The domain in which that recuperation is ponderable cannot be any other
than the essay space -meant also as a space open to experimentation, to
the attempt, to the test. The critic must be, first and foremost, an essay
writer, even more an essayer* than an essayist.... 

and 5. This essay writing -which appears not only as the domain of
judgement or valoration, but also and especially as a territory or machine
for the proliferation of the interpretations and the multiplication of the
senses- must dare to expose itself to the challenge of interaction, of
being online, of constrasting itself in the real time made possible by the
new communication technologies. If the power of writing as a critical
device charged with a specific ontological potential resides in its being
structurally projected toward its posterity, toward the other time in
which it will be read, it is possible to imagine that the challenge of a
rewriting and rereading online (in the resulting approximation of the acts
of writing and reading) supposes an imponderable margin of risk and at the
same time a strengthening, that must be investigated. 
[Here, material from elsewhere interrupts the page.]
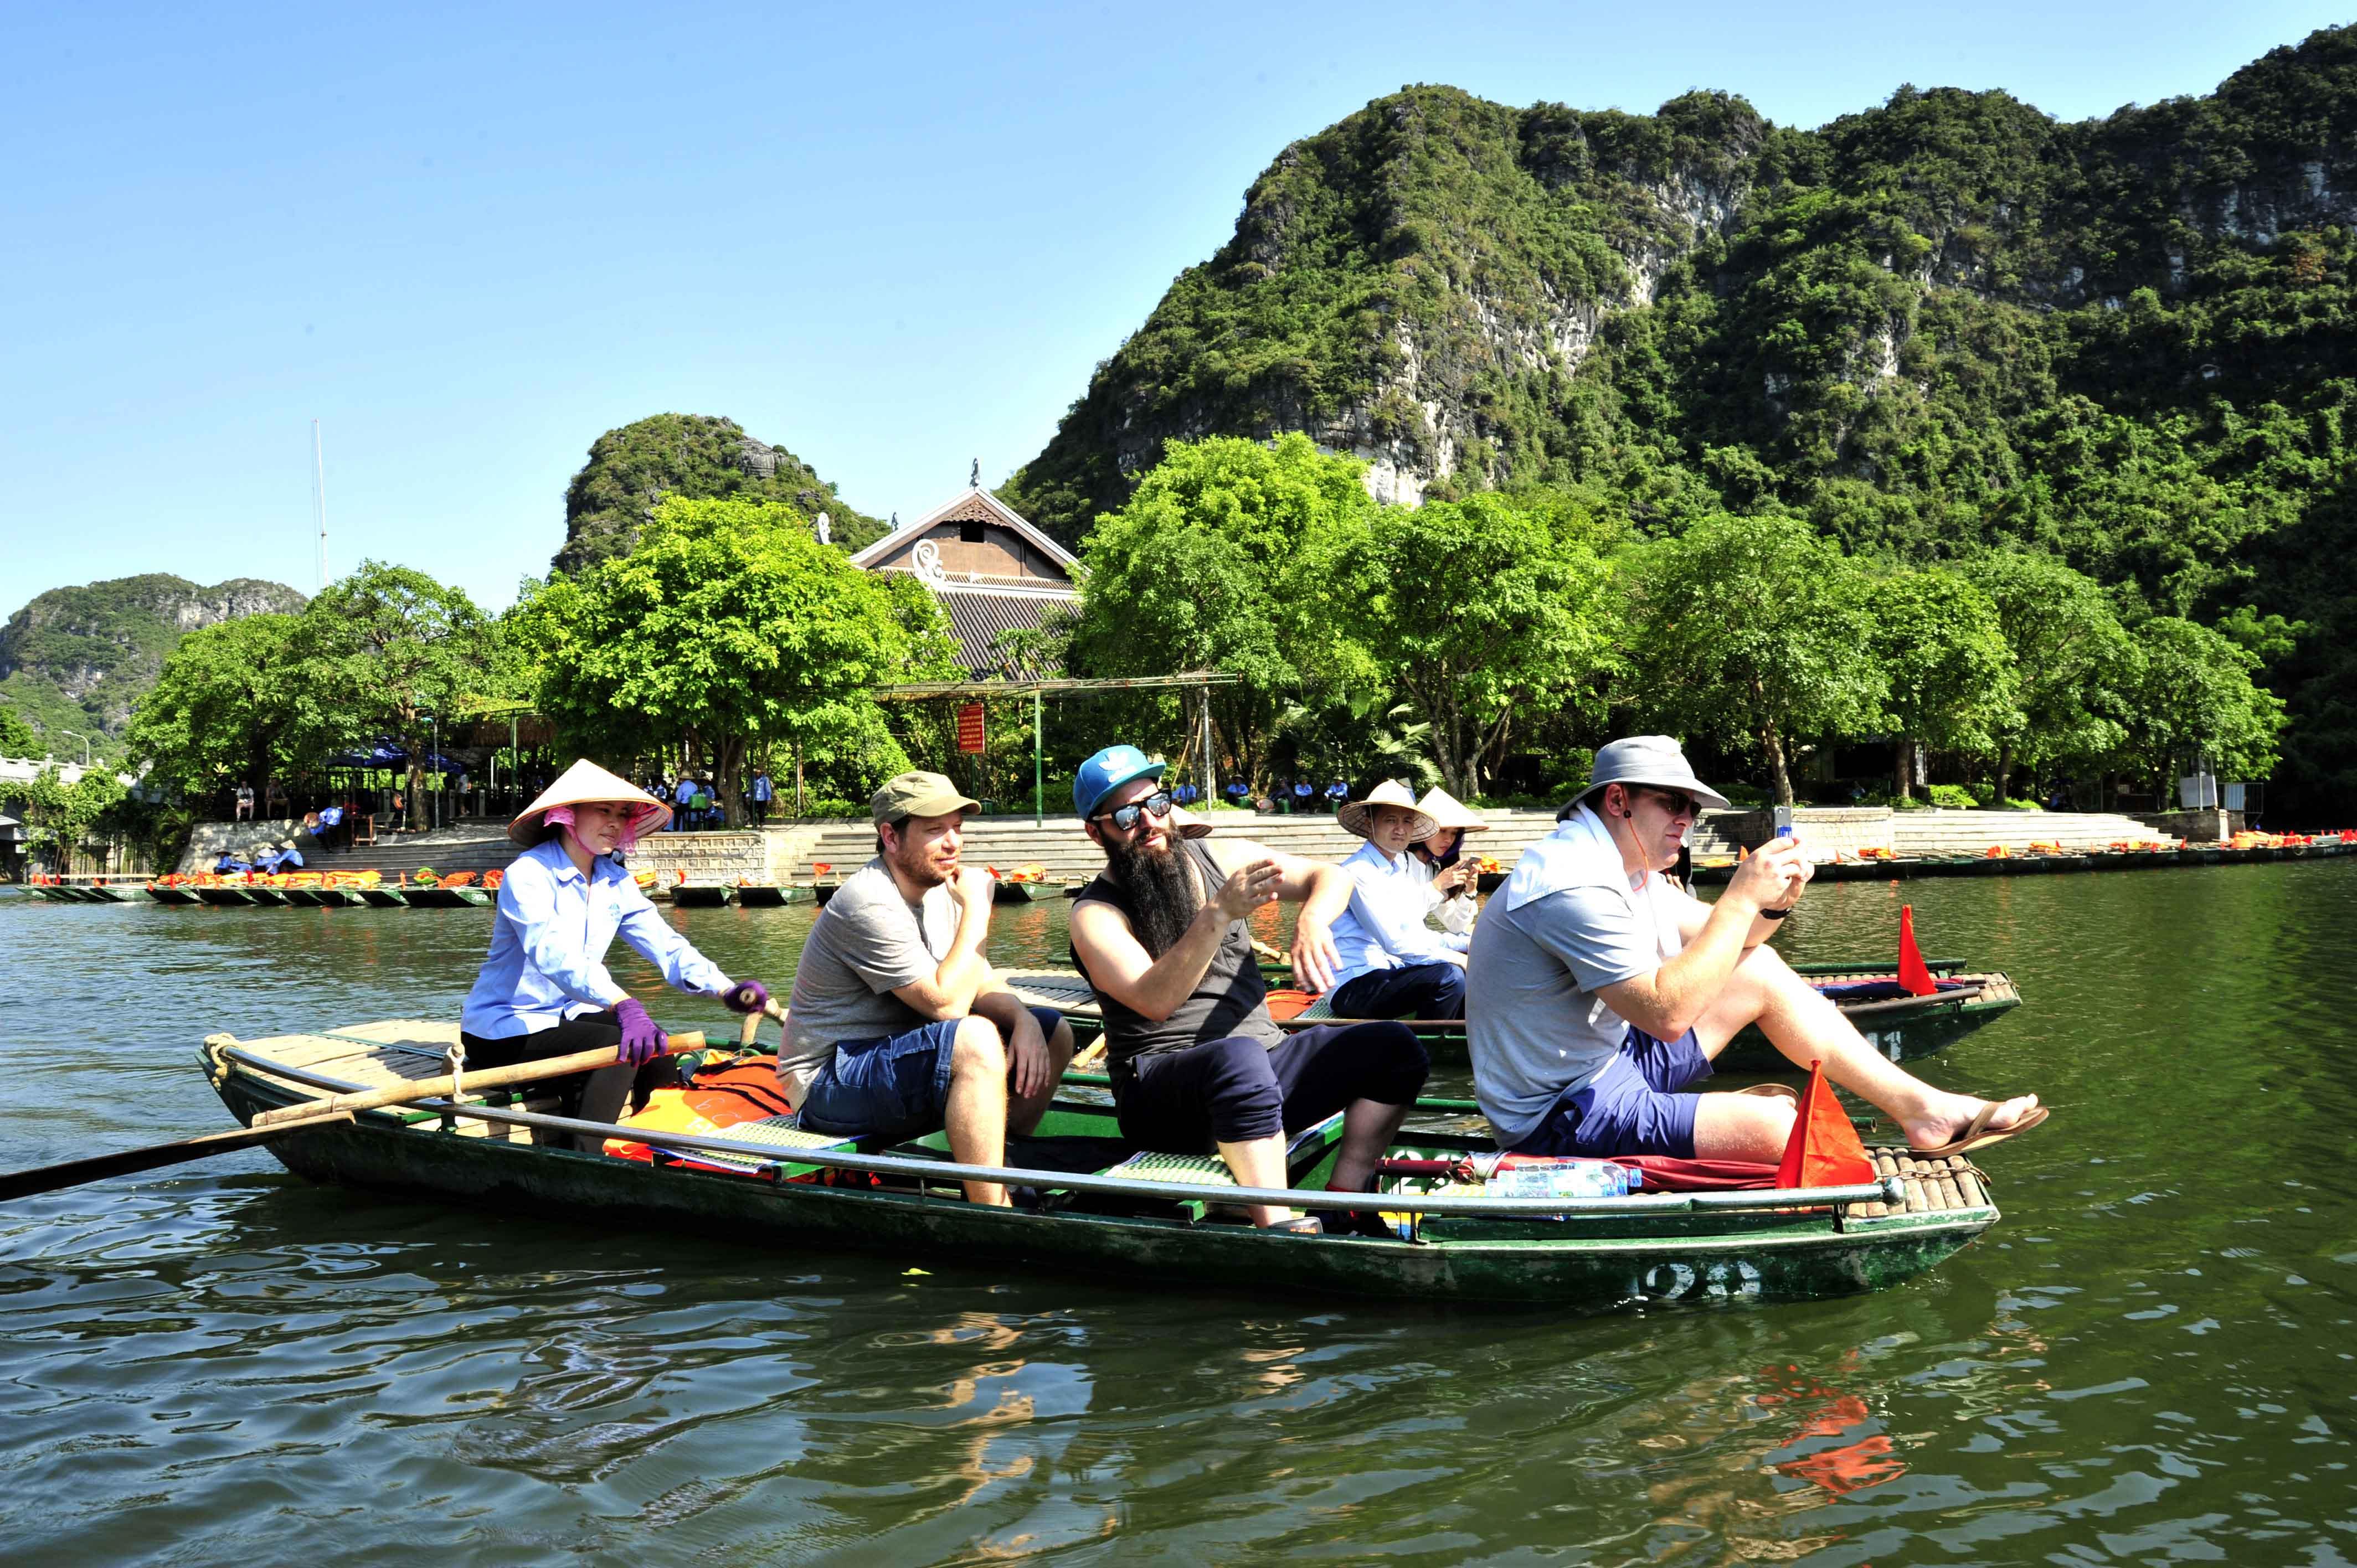 Bai Dinh Pagoda & Trang An Boating 1 Day

The participative act of a critical essay, at all times objectionable,
open to dissent, in which any enunciation is not exercised in any way
other than one among many possibilities, profiles a map of a breakdown of
the hierarchy of interpretive judgement and value, which is expanded in
the style of a time that knows that only in the multiplicity of
interpretations and their interweaving, in the diversity of the paradigms
and their contrast, can any remaining effect of truth repose. 

Submitted to that tension, critical writing does not only become
accomplice to an unrenounceable project of compromise with the
radicalization of democratic forms, but it is itself submitted to its
demands. 

I trust that it is understood, in any case, that with these brief notes I
do not intend to define answers or definitive orientations, but merely to
point out some of the milestones and challenges that, in my opinion, defy
and interpellate the practice of art criticism in our days. 


José Luis Brea ----------------- 

I read this paper at a panel discussion
about "The art critic in the culture of today" organized by de Appel,
Amsterdam, apr2000

[Translated from Spanish by Dena Ellen Cowan] *. Essayer is Ensayador in
Spanish and in that language can also mean rehearser. (Translator's note)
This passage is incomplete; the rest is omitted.